Solving botanical crosswords

Nieuws | de redactie
14 november 2013 | What if transcribing historical data would be as much fun as playing a game of angry birds? Researchers from the Missouri Botanical Garden invent a game to bring order in their huge botanical database.

A team of researchers from Missouri Botanical Garden, New York Botanical Garden, Cornell and Harvard have received a $450.000 federal grant to develop a computer game which leads players to describe millions of obscure words from the collection of the Biodiversity Library.

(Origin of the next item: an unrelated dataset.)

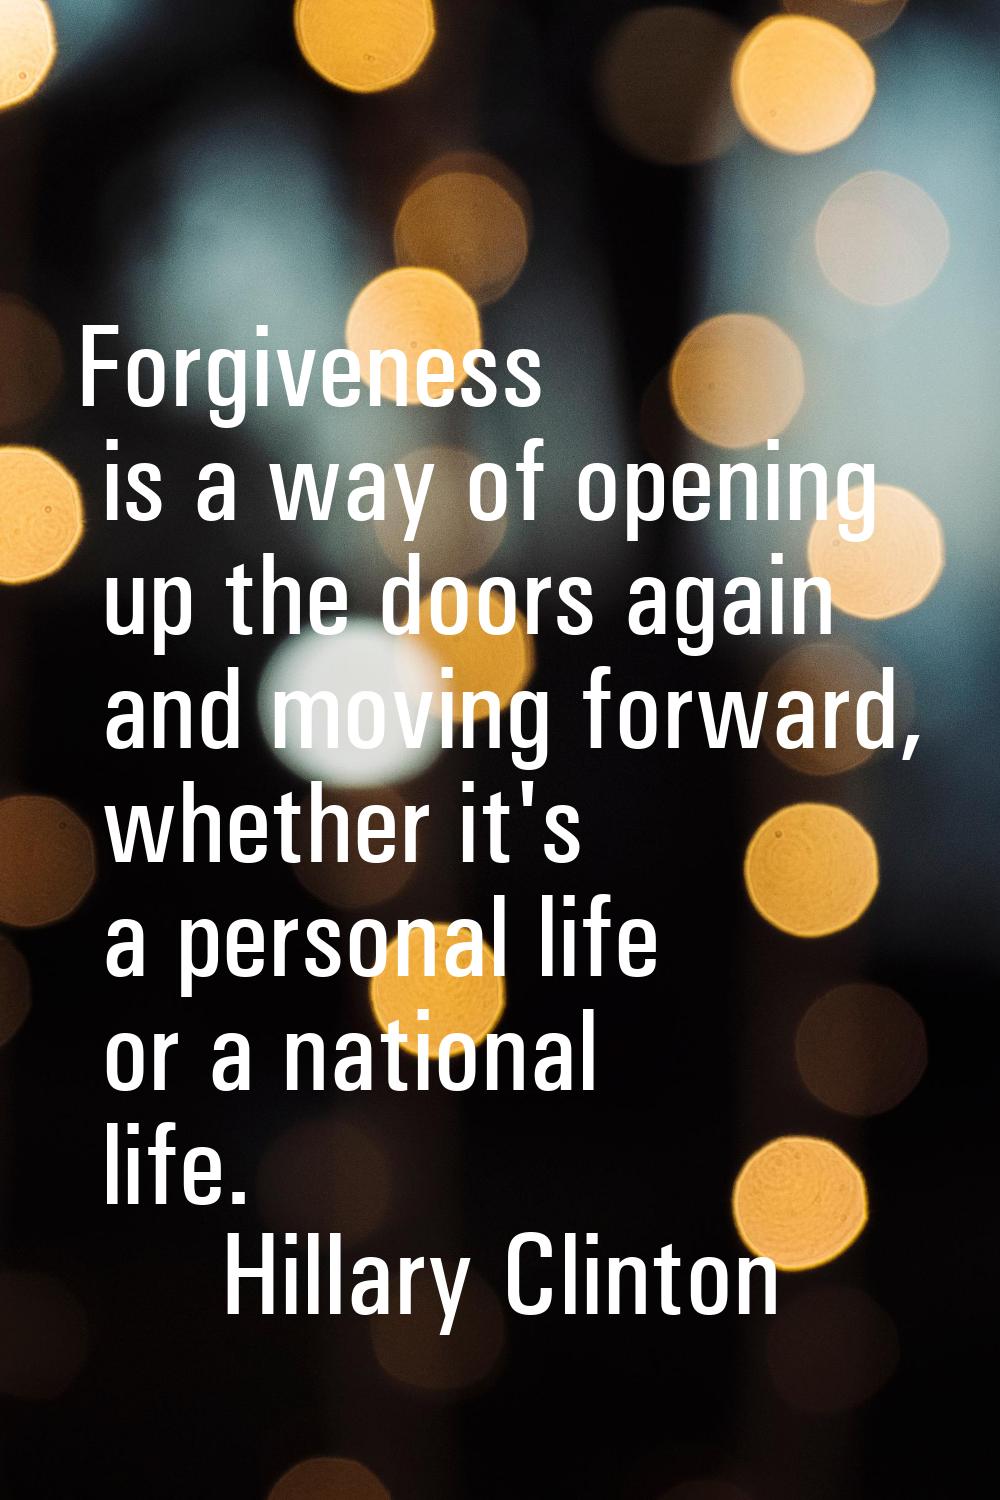 Forgiveness is a way of opening up the doors again and moving forward, whether it's a personal life

It’s a big challenge: many historical texts are digitized but the words have never been transcribed, making these collections very difficult to search. Sometimes computer software helps – for instance with the digitization of newspapers – but older material is very difficult to understand for computer software.

Transcription is an awful lot of work

“They’re using words that we don’t even use today,” said principal investigator Trish Rose-Sandler, who works for the Missouri Botanical Garden’s Center for Biodiversity Informatics. As a result a biologist can never be verify whether the rare species she comes across is a ‘new’ one.

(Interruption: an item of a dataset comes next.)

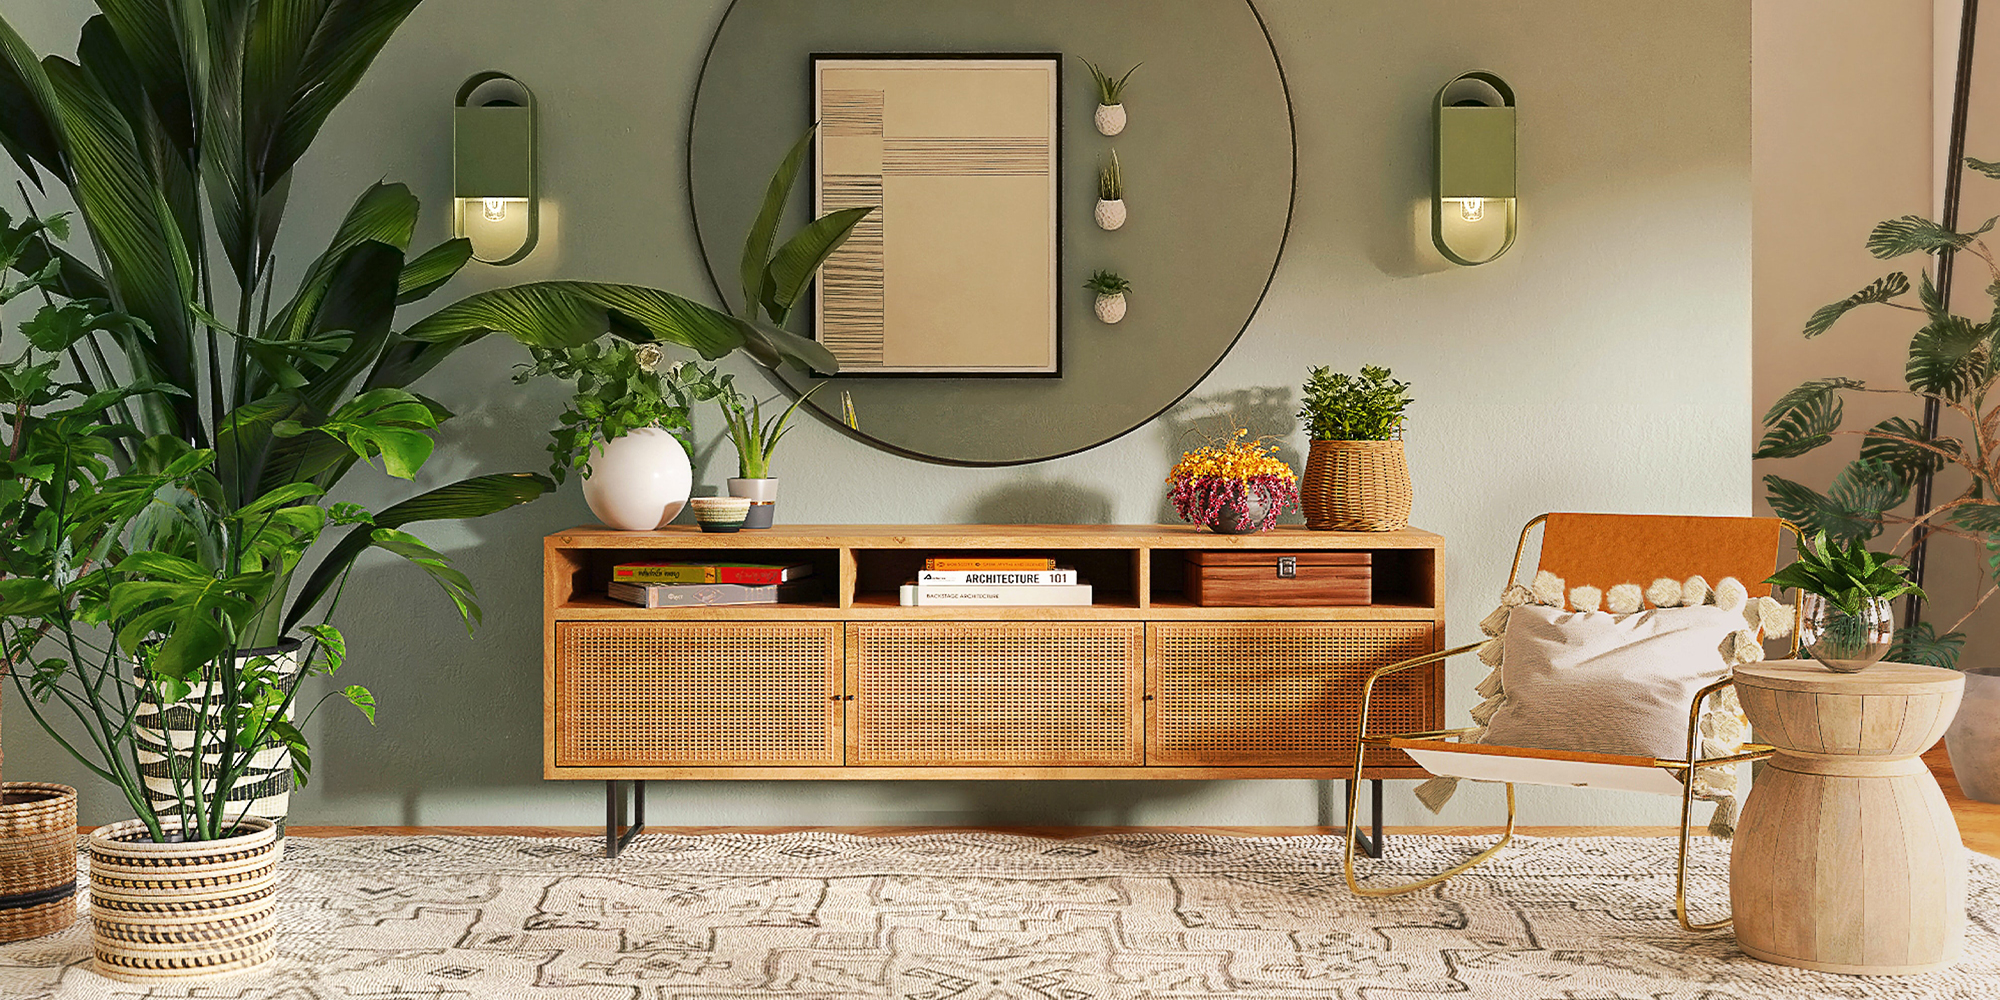 credenza with large round mirror above it, a wall sconce and a large leaf plant next to it.

Chris Freeland, currently a librarian at Washington University, came up with the idea of gaming for solving this problem. The biodiversity library already helped scientist a lot, by bringing all relevant descriptions together in one place, but searching the database still remains challenging. Freeland calculates that transcribing the whole collection would take one person 1.000 years.

His new idea is to use crowd-sourcing, turning the transcription work into a computer game that anyone could play on a mobile device or computer. Gaming companies are now asked to send in proposals before the end of the year, so that the game can be launched in May 2015.